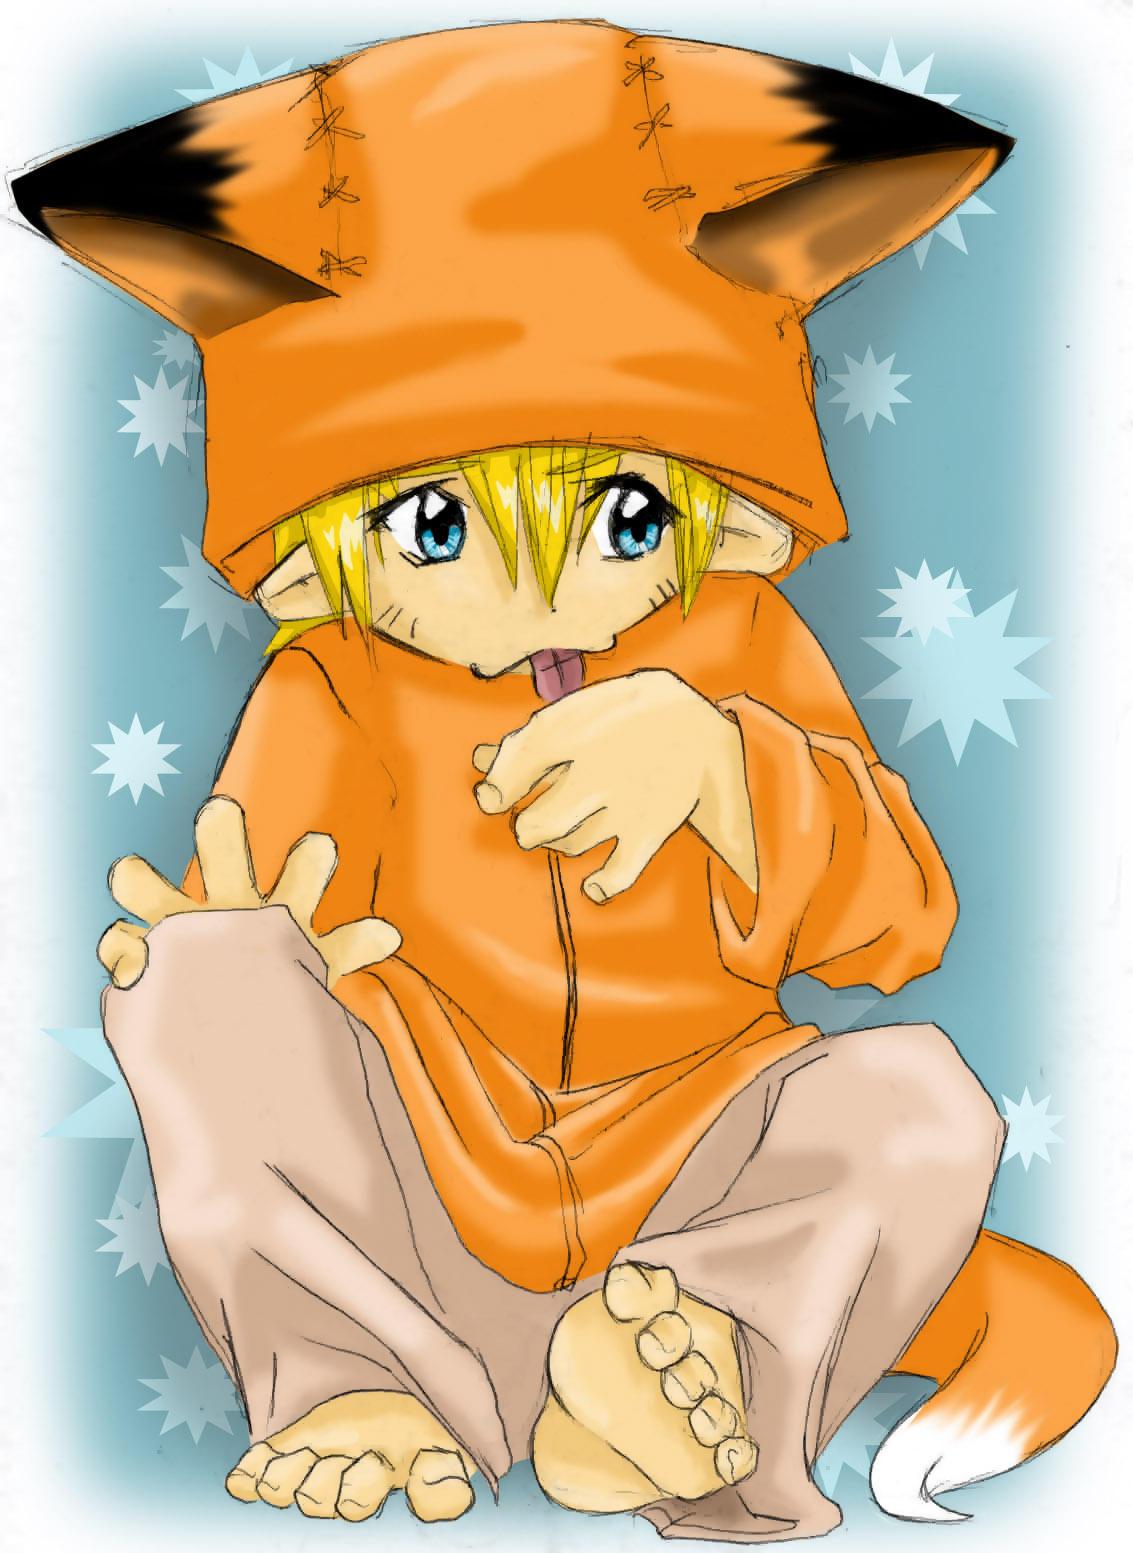 http://fc01.deviantart.com/fs4/i/2004/208/c/1/Chibi_Naruto.jpg
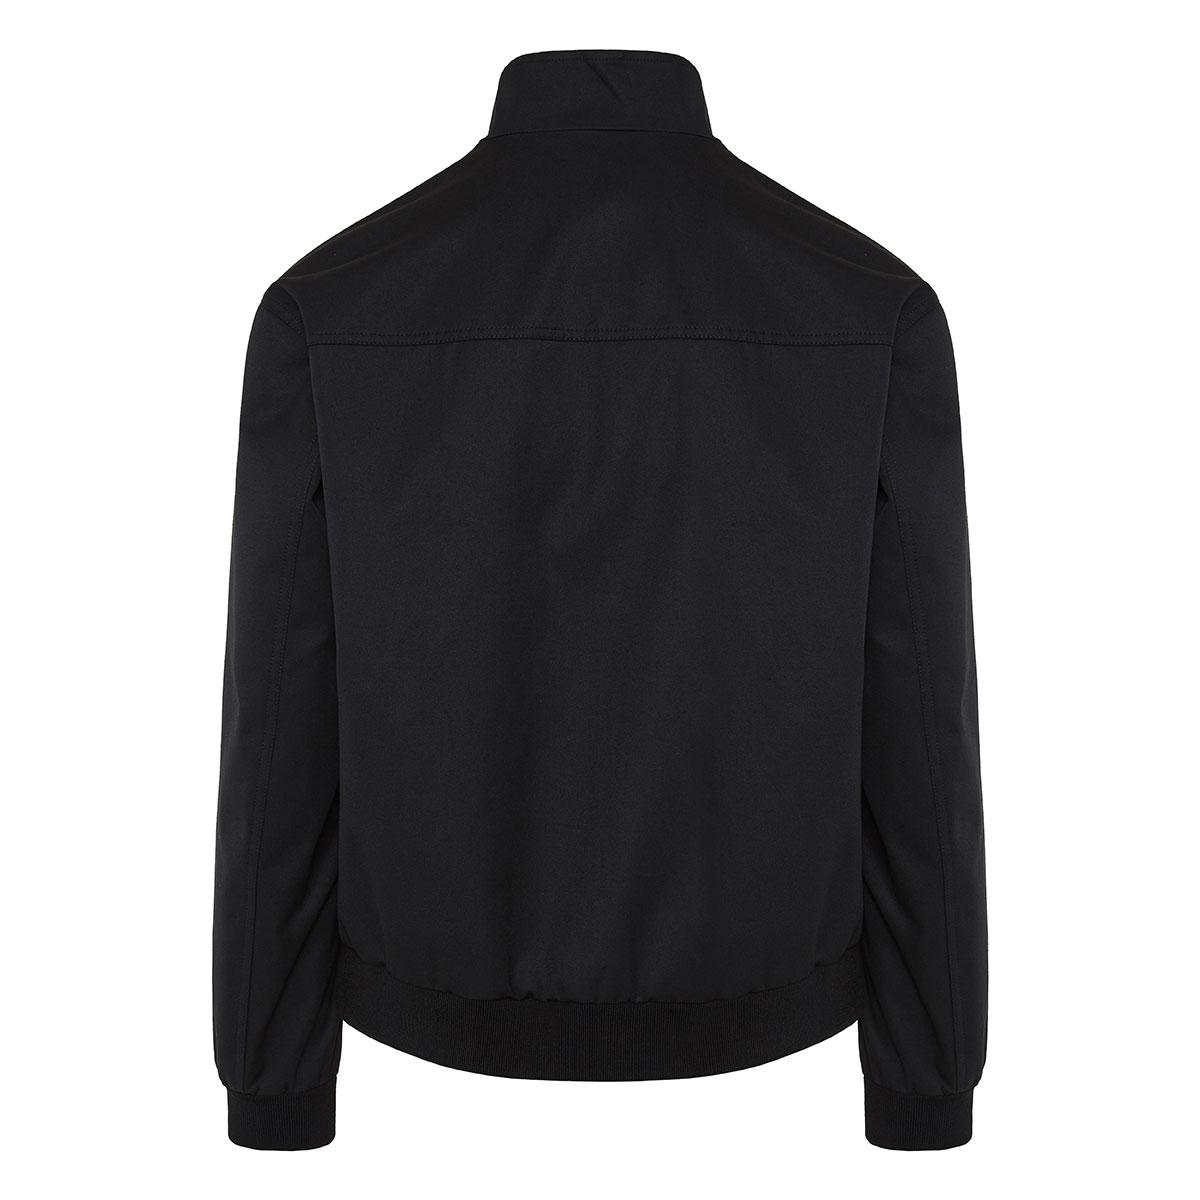 VLTN technical jacket
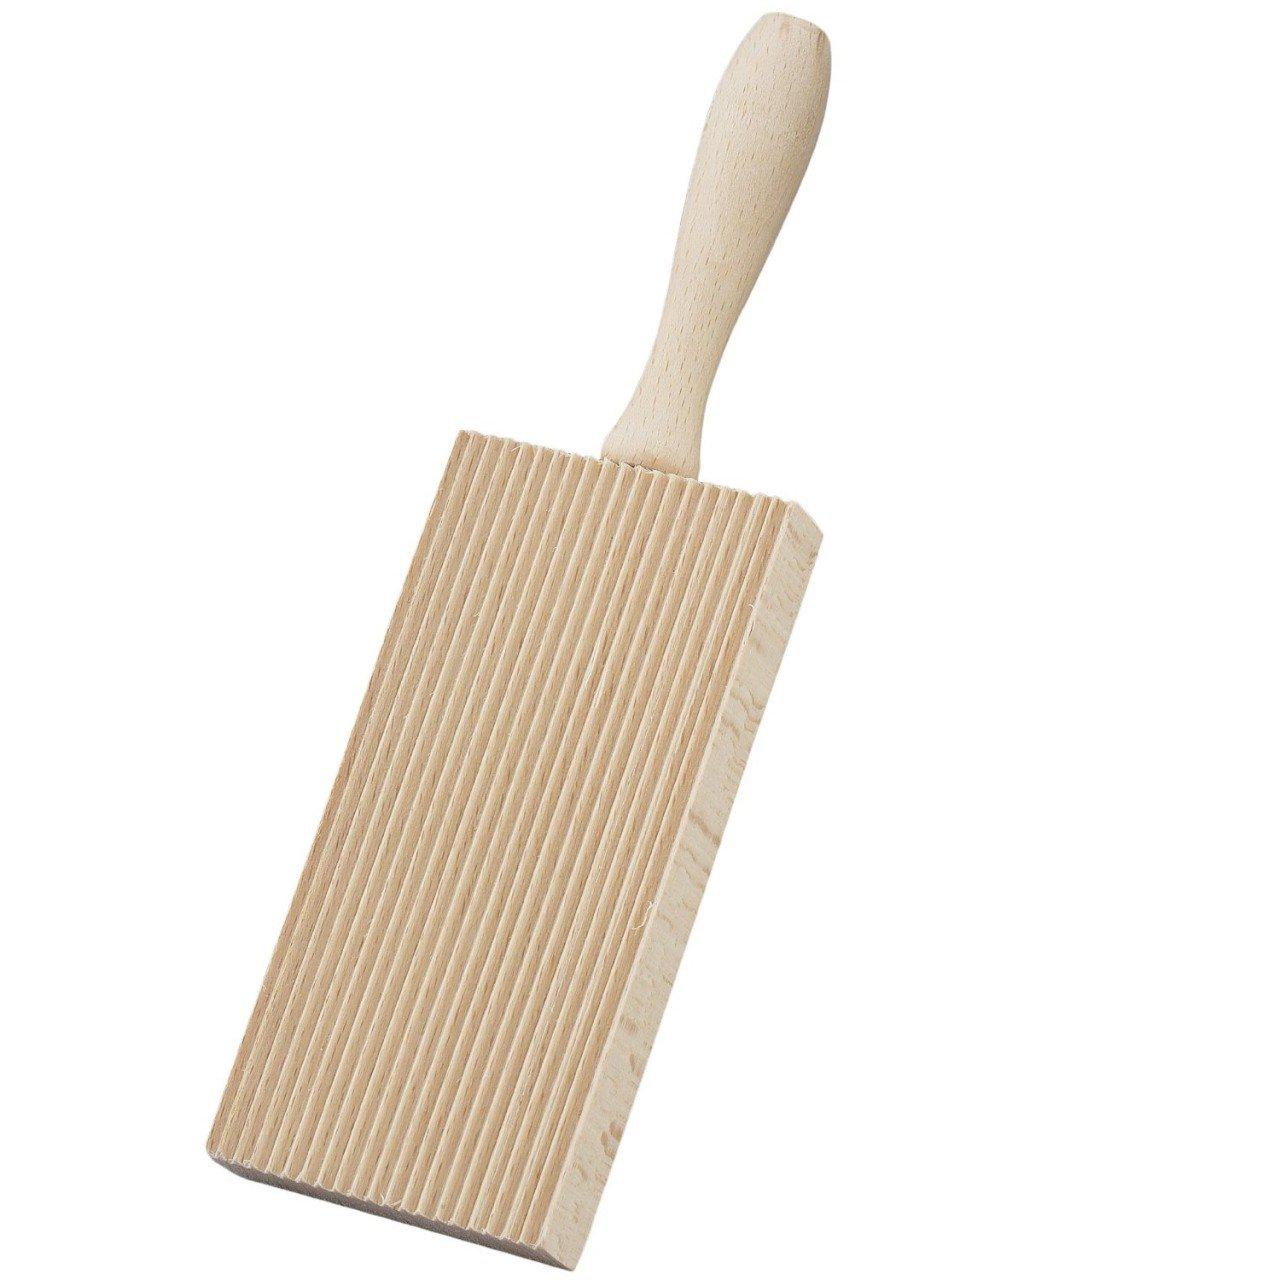 Cuisinox Gnocchi and Cavatelli Board, Wood
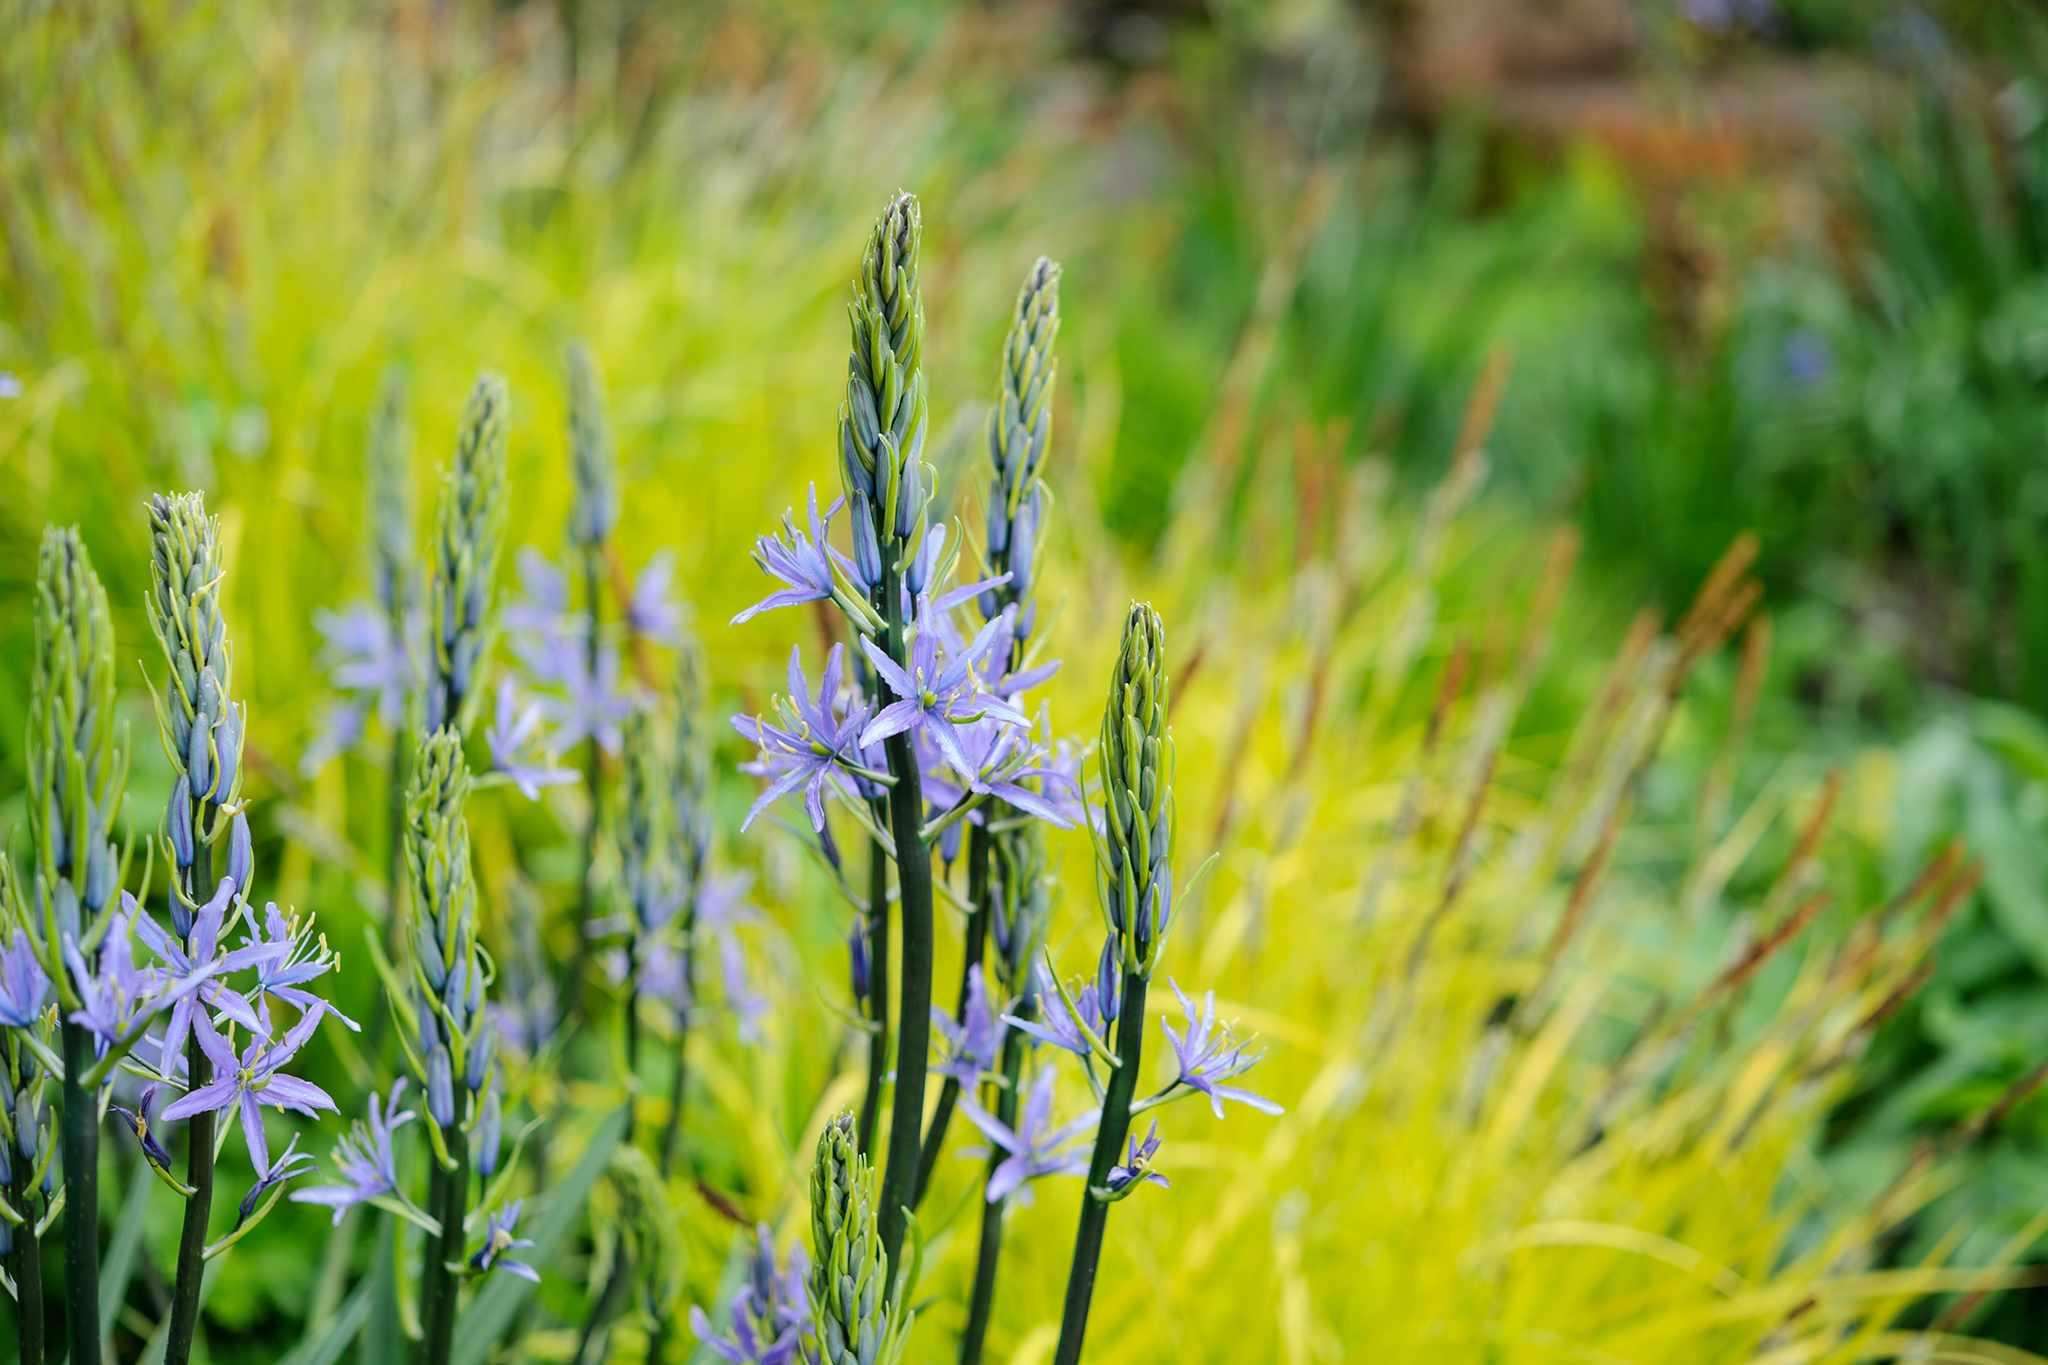 Blue camassia flowers
# # # #
Task prompt.
Copy all the material above exactly, but skip each image.

Answer to this problem.
 http://fc01.deviantart.com/fs4/i/2004/208/c/1/Chibi_Naruto.jpg
 VLTN technical jacket
 Cuisinox Gnocchi and Cavatelli Board, Wood
 Blue camassia flowers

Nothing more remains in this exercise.